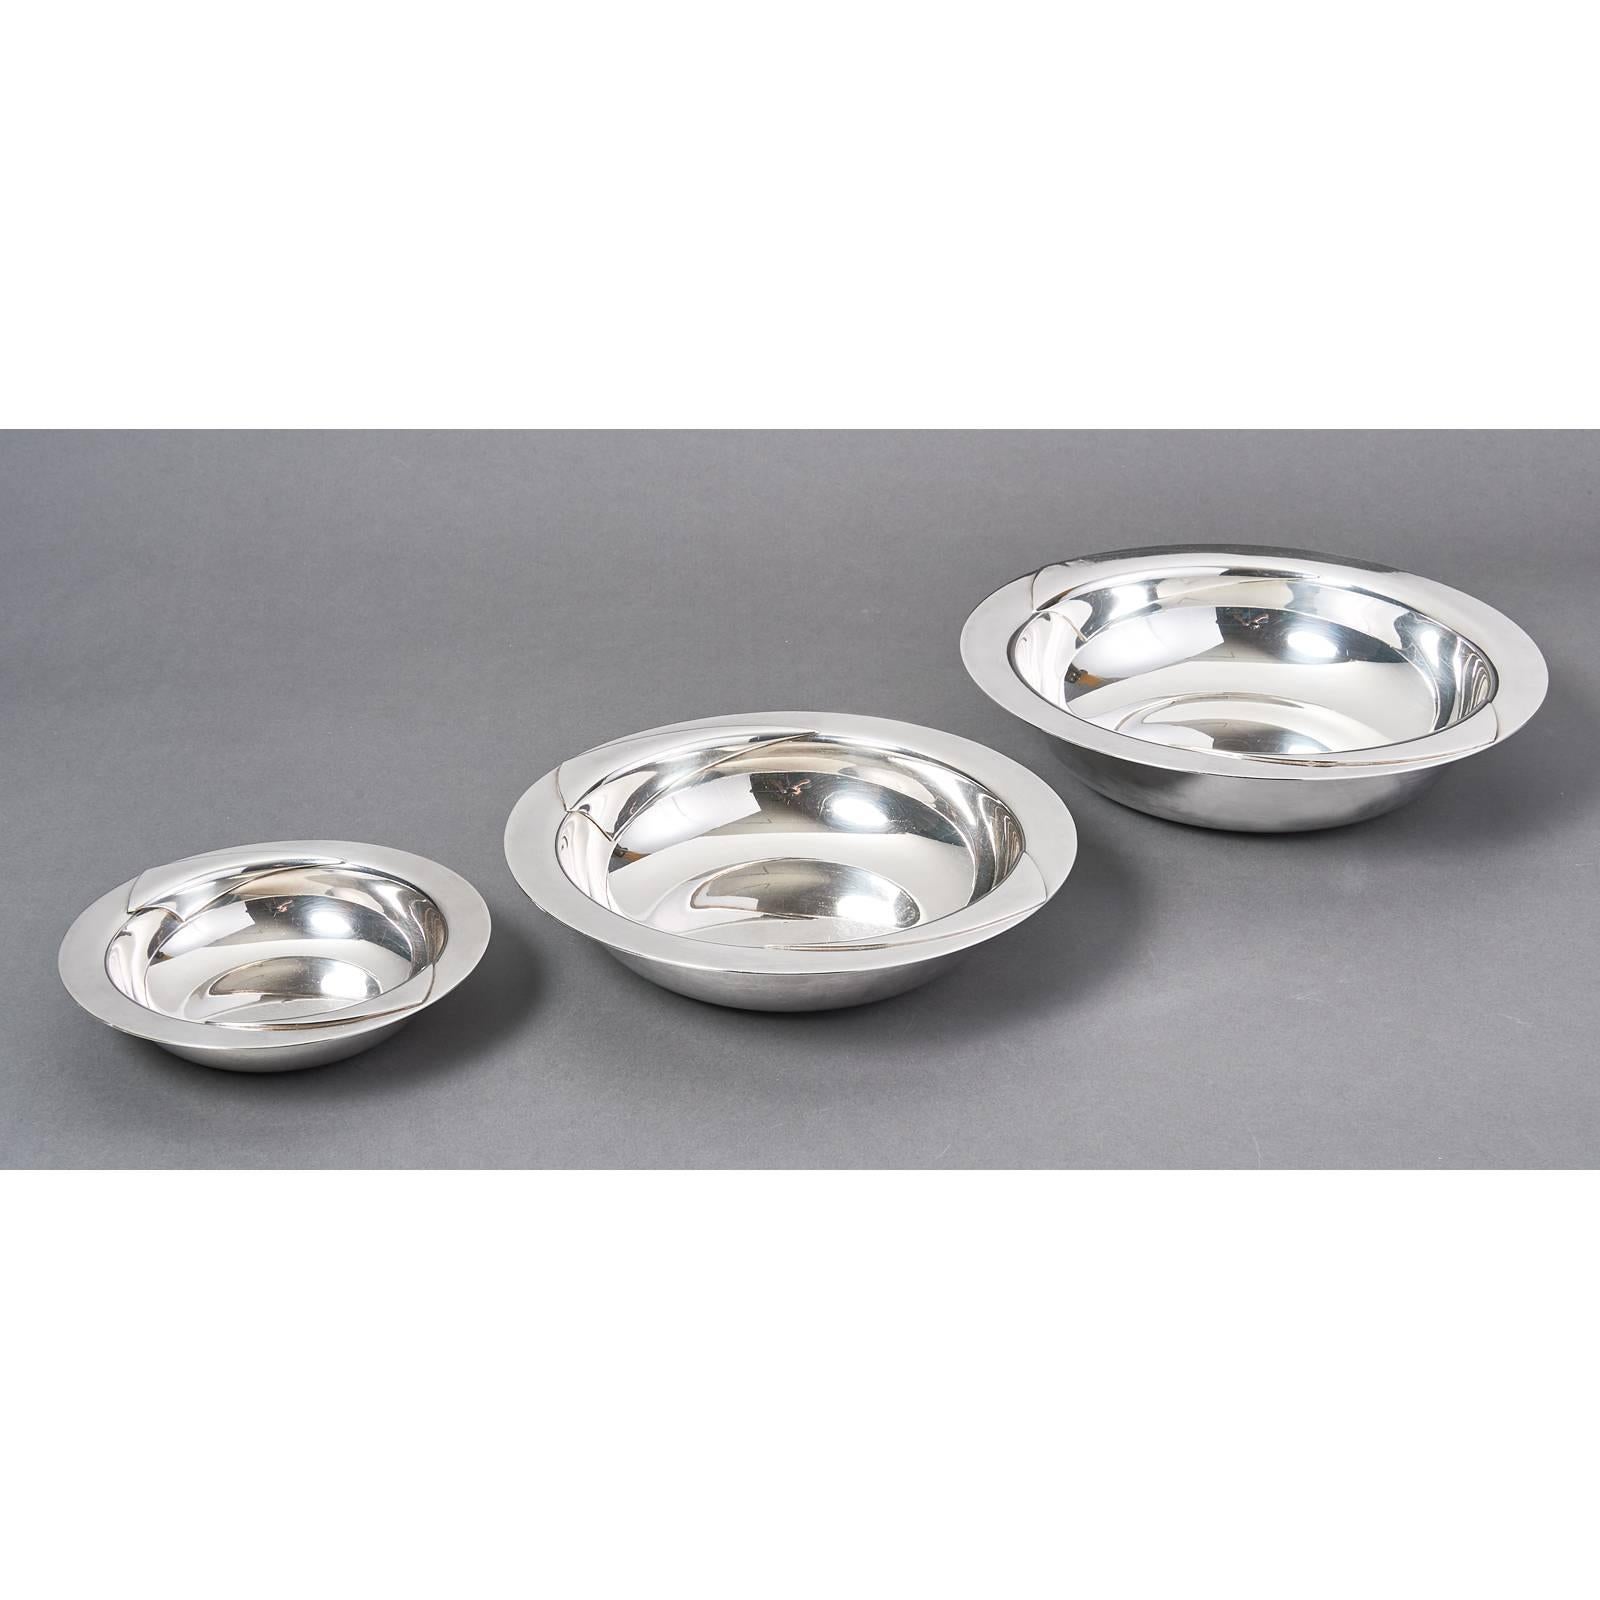 Lino Sabbatini ( 1925-2016 )
A rare set of three graduated round silvered bowls with decorated rim.
Signed
Italy, 1970's
Dimensions: Large: 12.5 Ø, medium: 10.75 Ø, small: 7.5 Ø.

#####

What the task asks -
When you return the listing, keep each line exact and leave the pictures out.

Result of the task -
 Lino Sabbatini ( 1925-2016 )
A rare set of three graduated round silvered bowls with decorated rim.
Signed
Italy, 1970's
Dimensions: Large: 12.5 Ø, medium: 10.75 Ø, small: 7.5 Ø.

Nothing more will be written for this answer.